## [Data below]
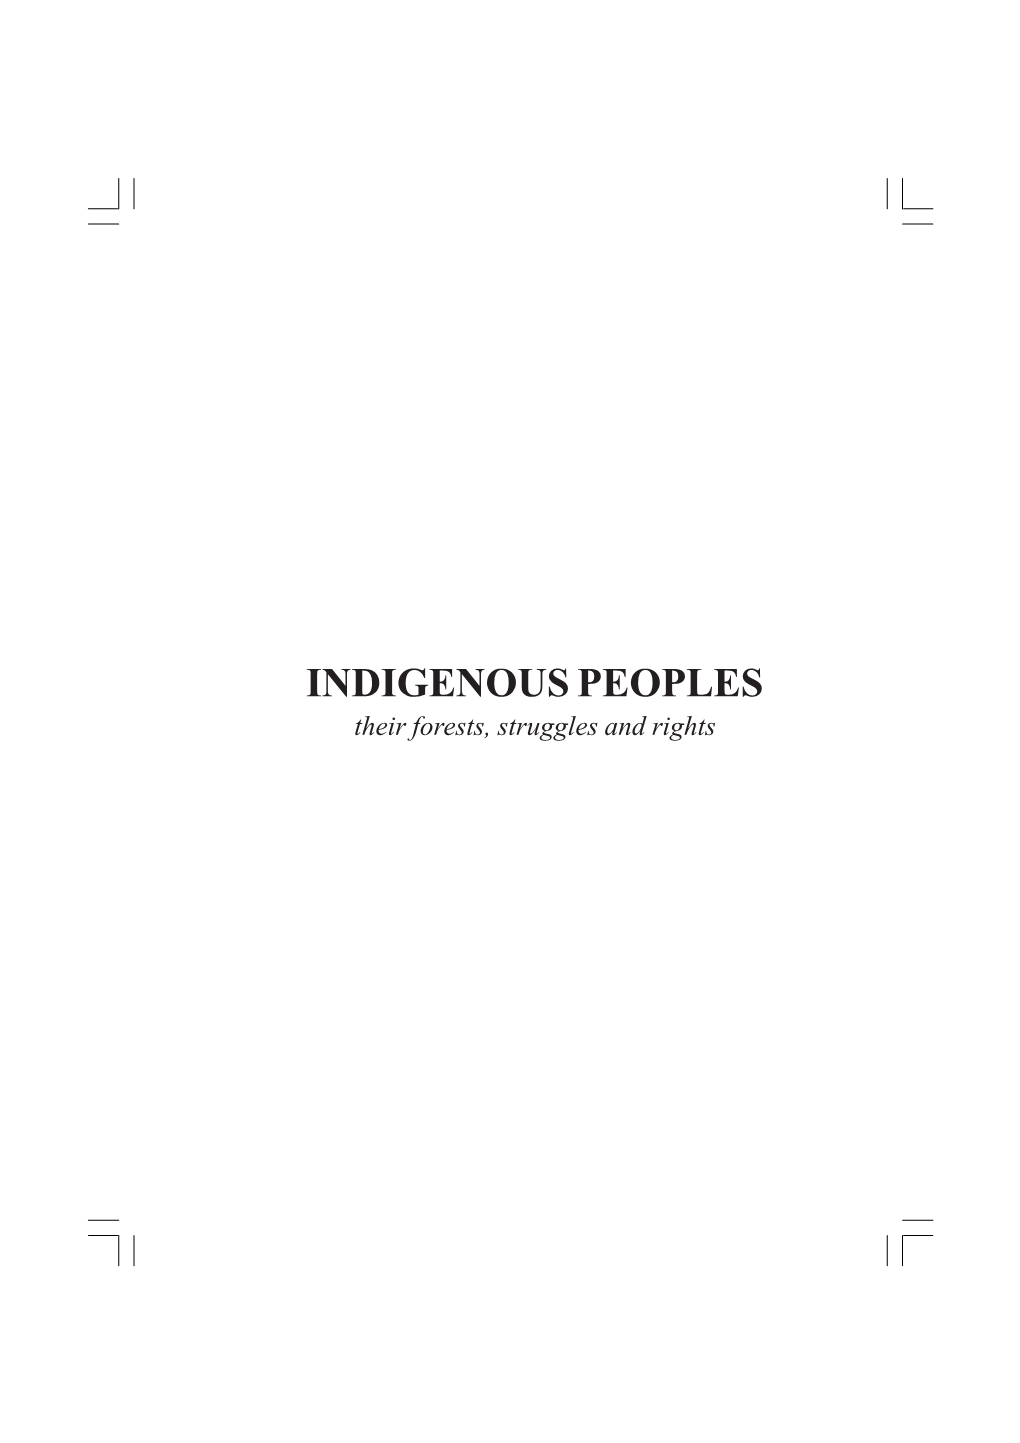 Pueblos Indigenas Inglés.P65
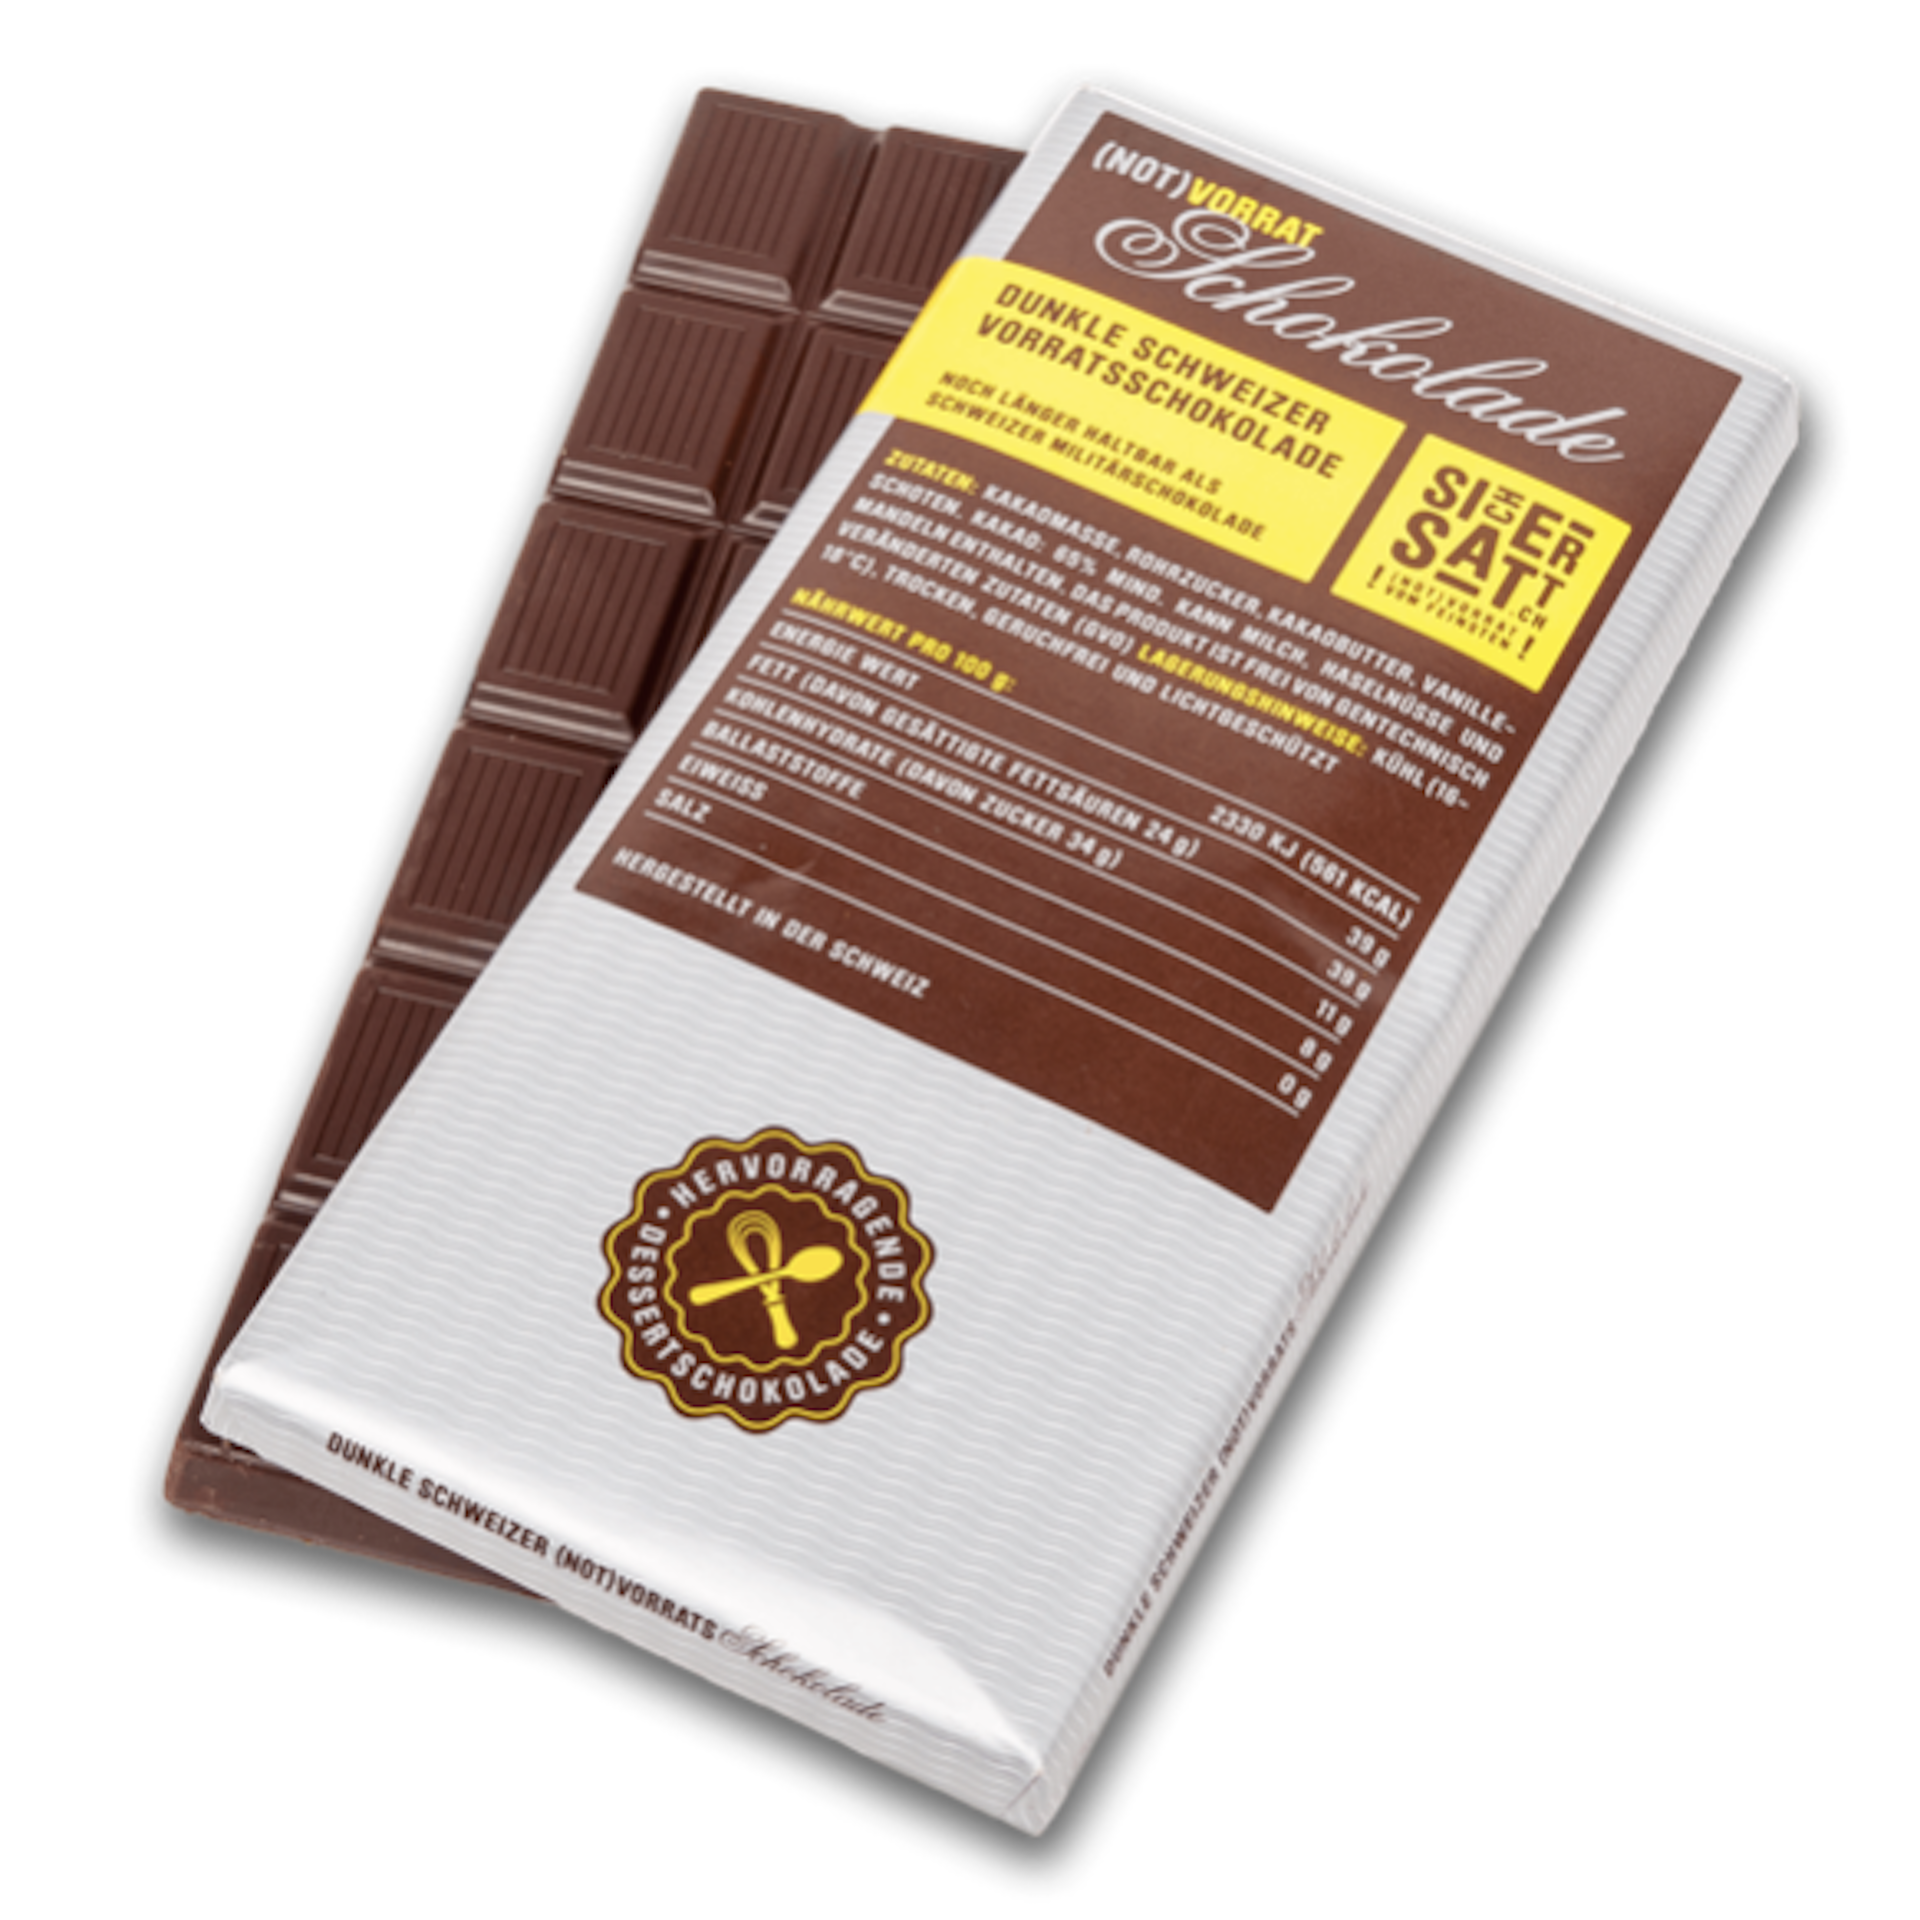 SicherSatt Schweizer Schokolade (100g)
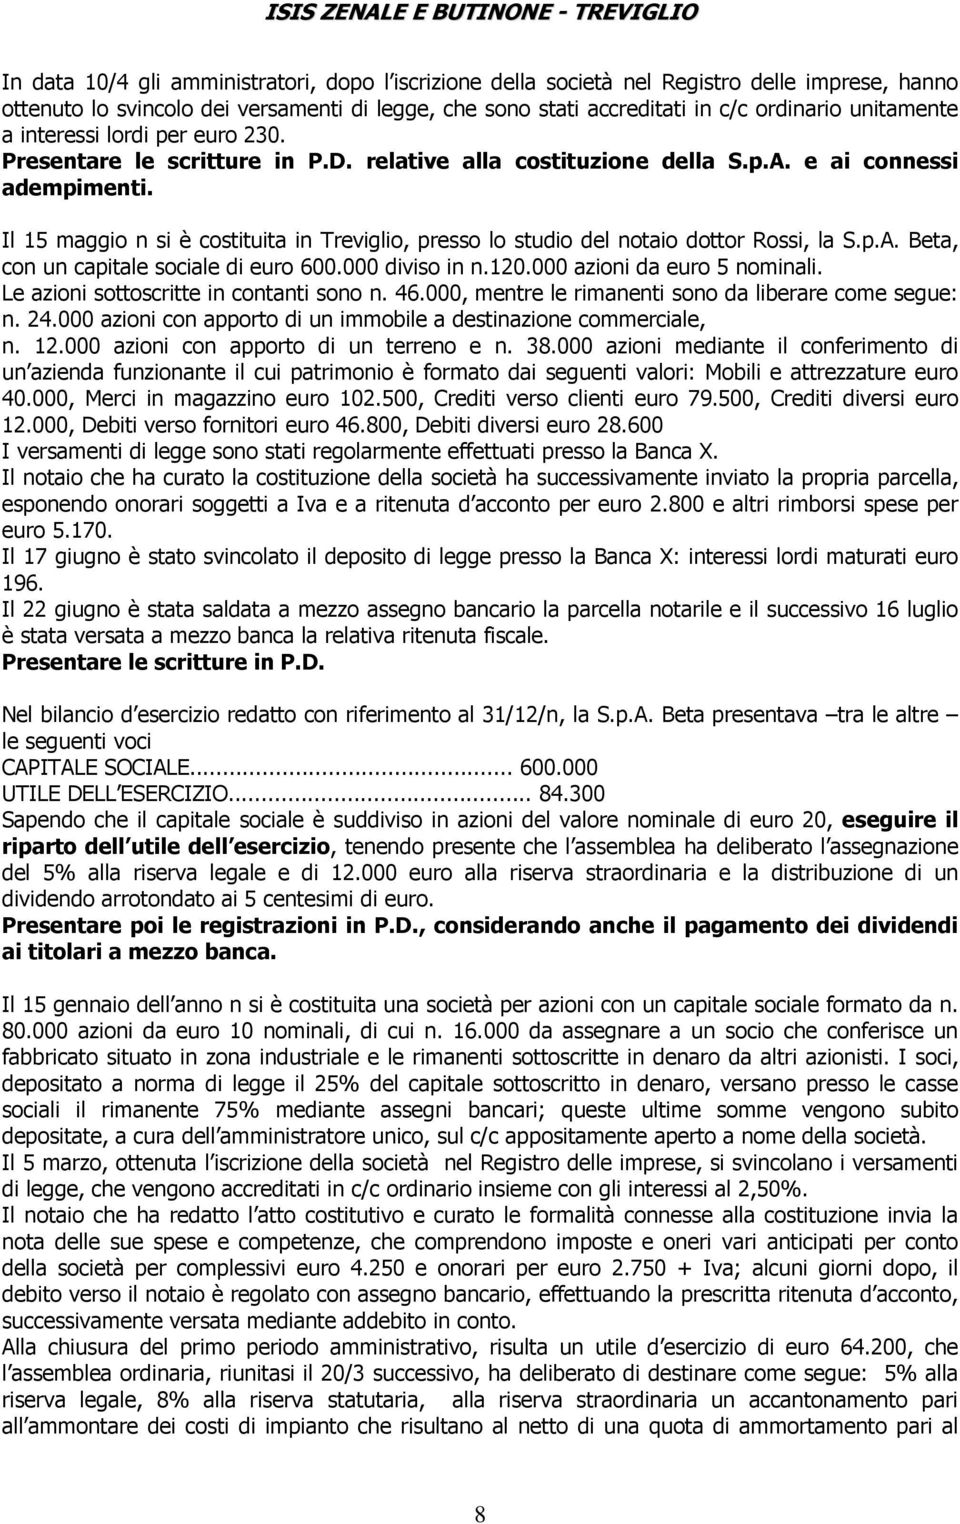 Il 15 maggio n si è costituita in Treviglio, presso lo studio del notaio dottor Rossi, la S.p.A. Beta, con un capitale sociale di euro 600.000 diviso in n.120.000 azioni da euro 5 nominali.

## [What the task asks]
Drop the images and copy all the data exactly.

## [Answer section]
 Pueblos Indigenas Inglés.P65
 SicherSatt Schweizer Schokolade (100g)
 Il 15 maggio n si è costituita in Treviglio, presso lo studio del notaio dottor Rossi, la S.p.A. Beta, con un capitale sociale di euro 600.000 diviso in n.120.000 azioni da euro 5 nominali.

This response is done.